Massive anti-Maduro protests continue in Venezuela

Massive anti-Maduro protests continue in Venezuela

Massive anti-Maduro protests continue in Venezuela

Thousands of protesters decrying President Nicolas Maduro and demanding new elections have faced off with security forces in the capital Caracas.

Opposition leaders slammed the government for arbitrary use of force in breaking up yesterday's demonstrations. On Monday, the government closed 18 subway stations (a new record) to prevent attendance for the protest, slowed down internet, blocked the signal of TV stations, attacked journalists (injuring at least one), downed a drone with live gunfire and still could not control the protest. "The canisters that we pick up after the protests were finished were expired in 2015 and there's no way of knowing if those gases have toxic effects".

"These extremist sectors promote violent acts during the days that our people celebrate Holy Week, thus taking on the role of anti-Christ", Reverol said in a televised statement. He said his son had "bad luck" to be caught in the melee.

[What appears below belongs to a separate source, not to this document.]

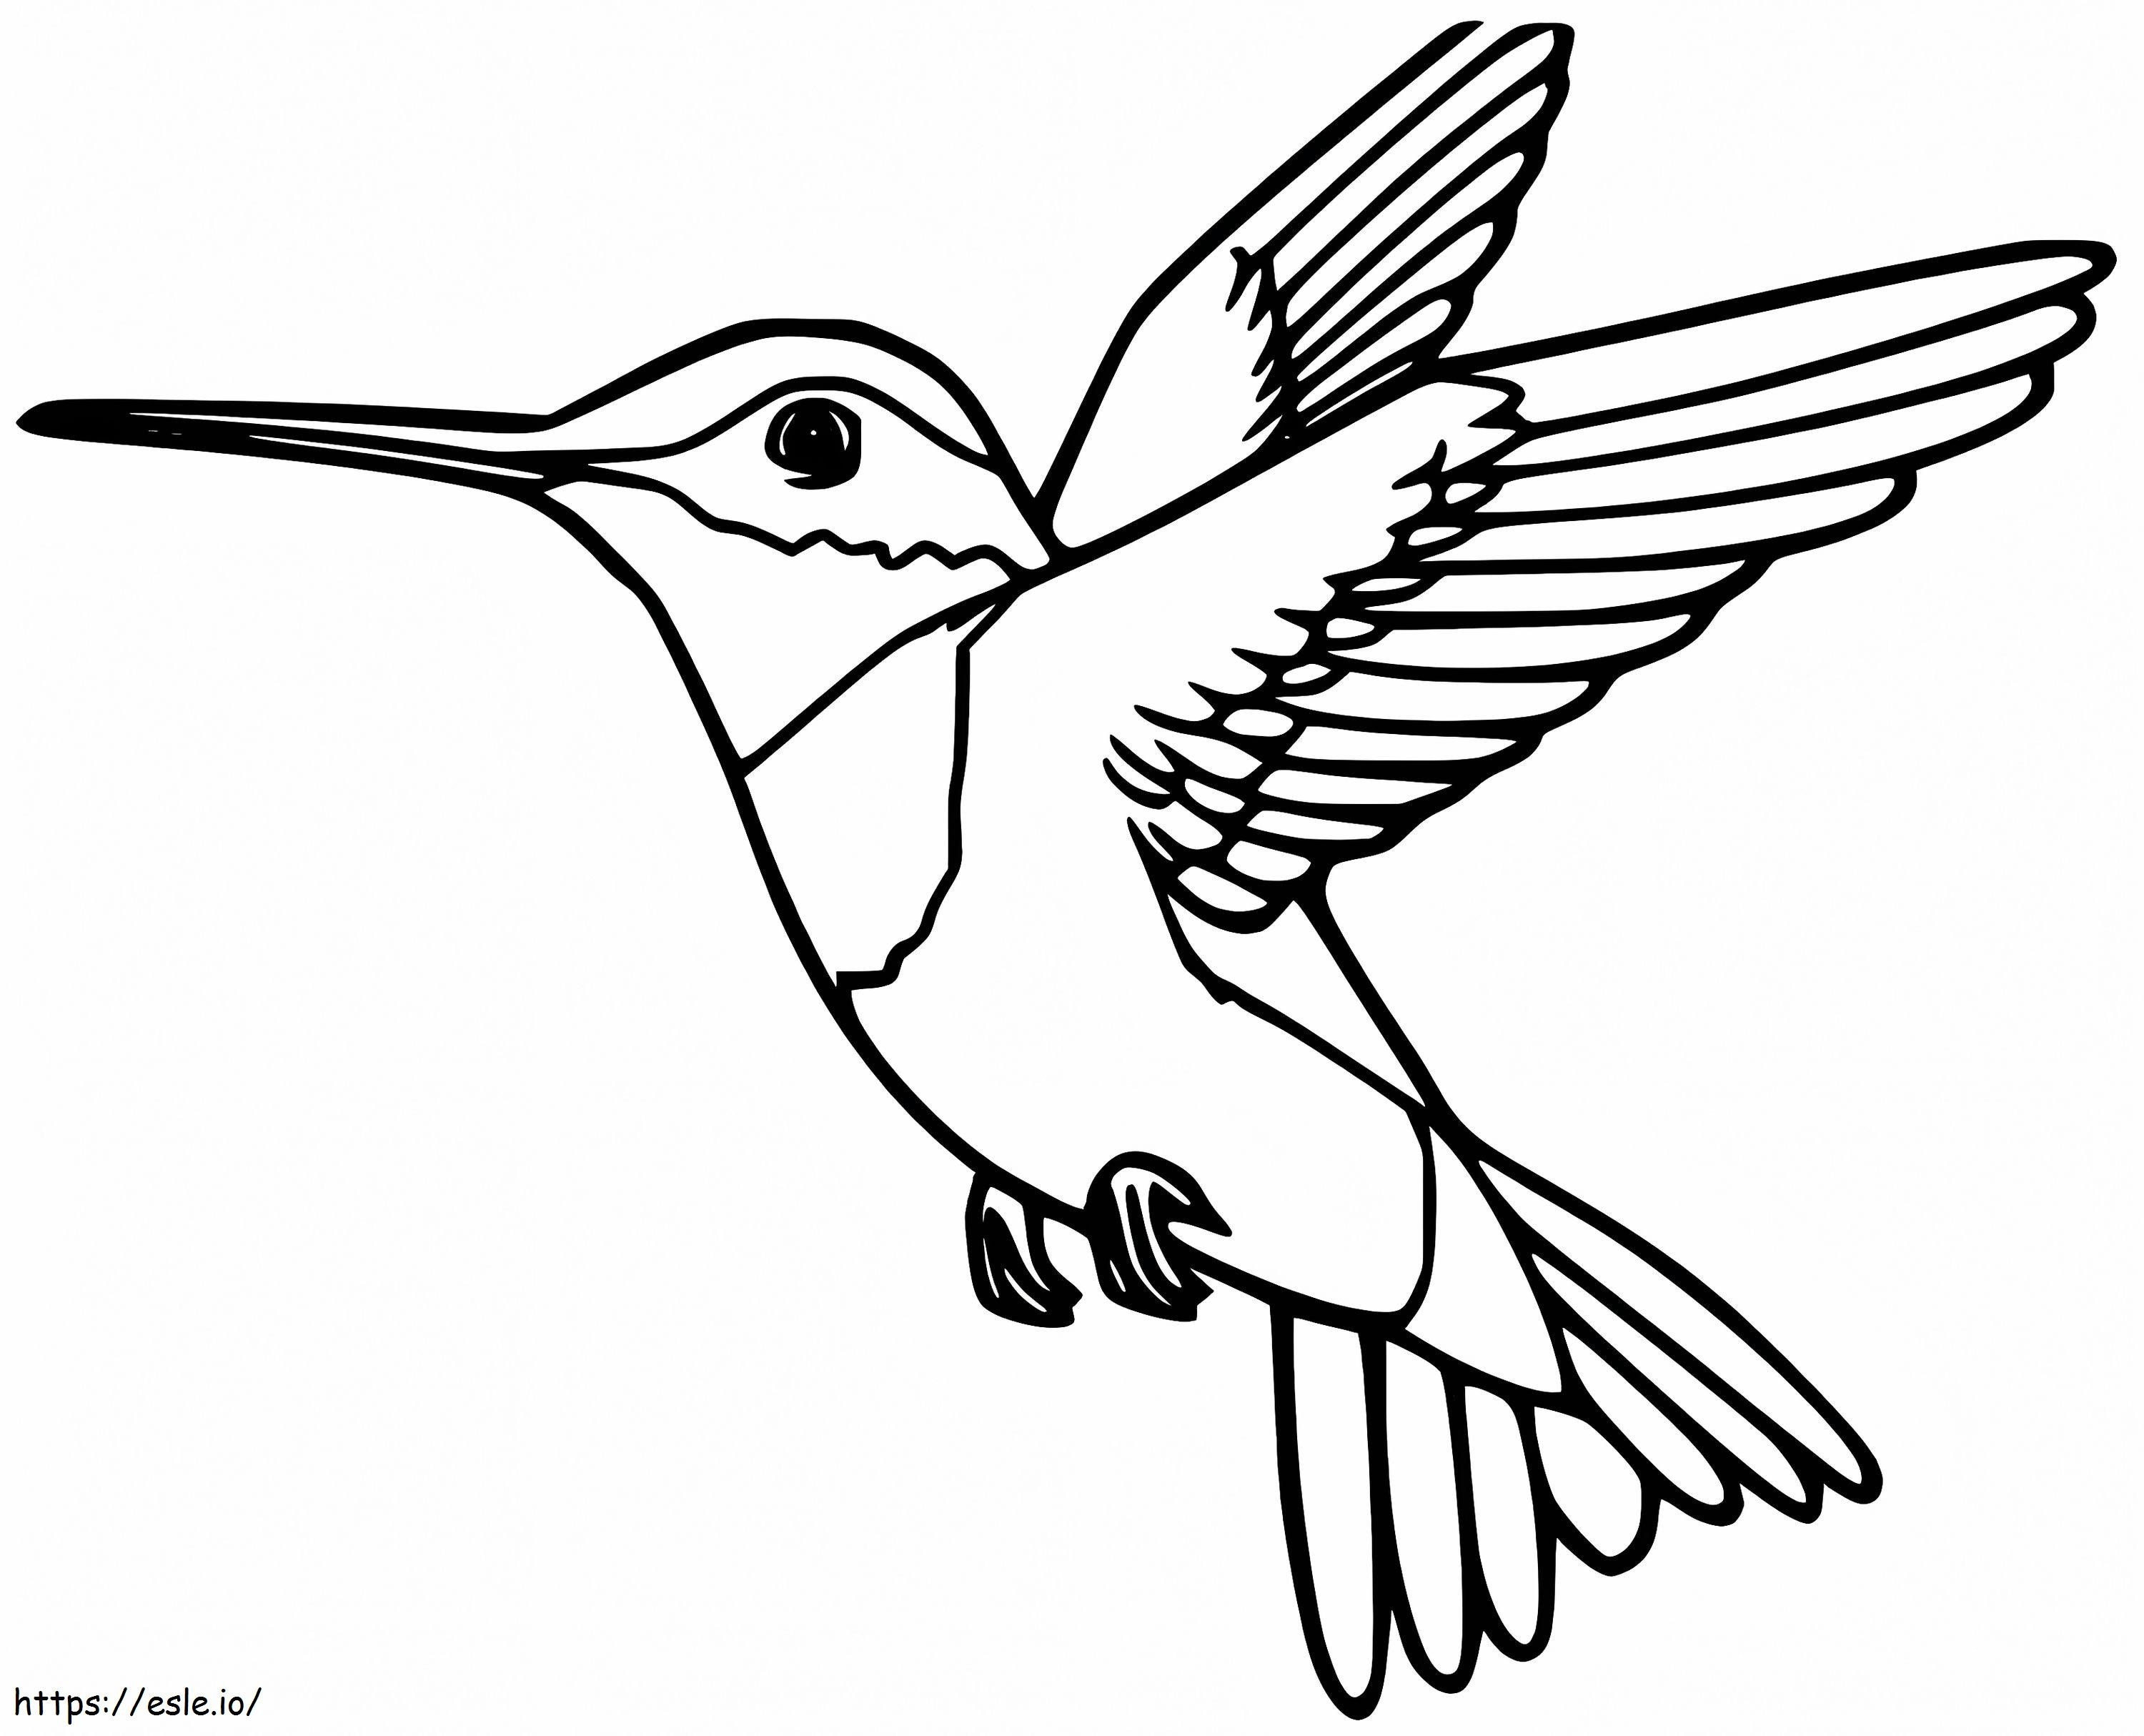 Anas Hummingbird coloring page

Prosecutors said on Tuesday that Daniel Queliz had died earlier in the day in the northern city of Valencia.

They also want a referendum on removing Maduro from power.

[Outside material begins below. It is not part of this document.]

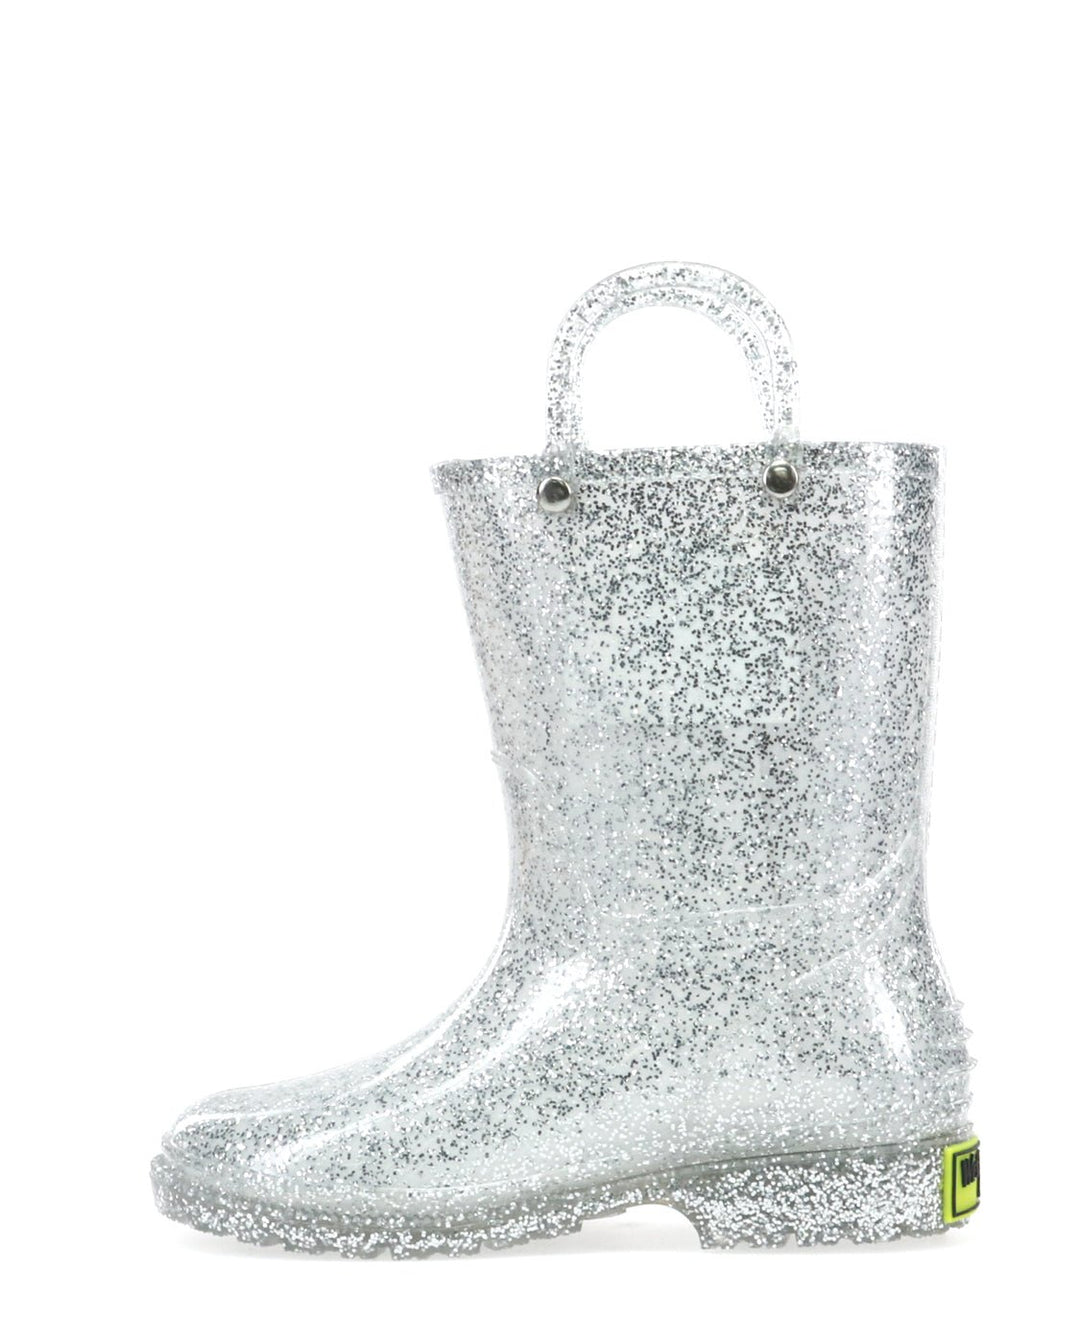 Kids Glitter Rain Boot - Silver - WSC B2B

Protesters are complaining about the risen corruption rates and the shortages of medicines and food. The freedom of assembly is a universal human right which the Venezuelan authorities must respect.

On Saturday, thousands demonstrated against a ban from politics imposed on opposition leader Henrique Capriles.

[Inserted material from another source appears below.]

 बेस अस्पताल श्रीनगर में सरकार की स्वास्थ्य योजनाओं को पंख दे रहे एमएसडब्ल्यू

The opposition's demands include that authorities set a date for gubernatorial elections that have been postponed indefinitely. The opposition has been rallying on the streets for two weeks in protest of several ruling by the Supreme Court to take over duties of parliament.

"That's the only way there will be peace in Venezuela", president of the National Assembly Julio Borges said. If you would like to discuss another topic, look for a relevant article.

Officials also used the protest to garner support in rejecting the opposition's continued call for protest.

Associated Press writer Christine Armario in Bogota, Colombia, contributed to this report.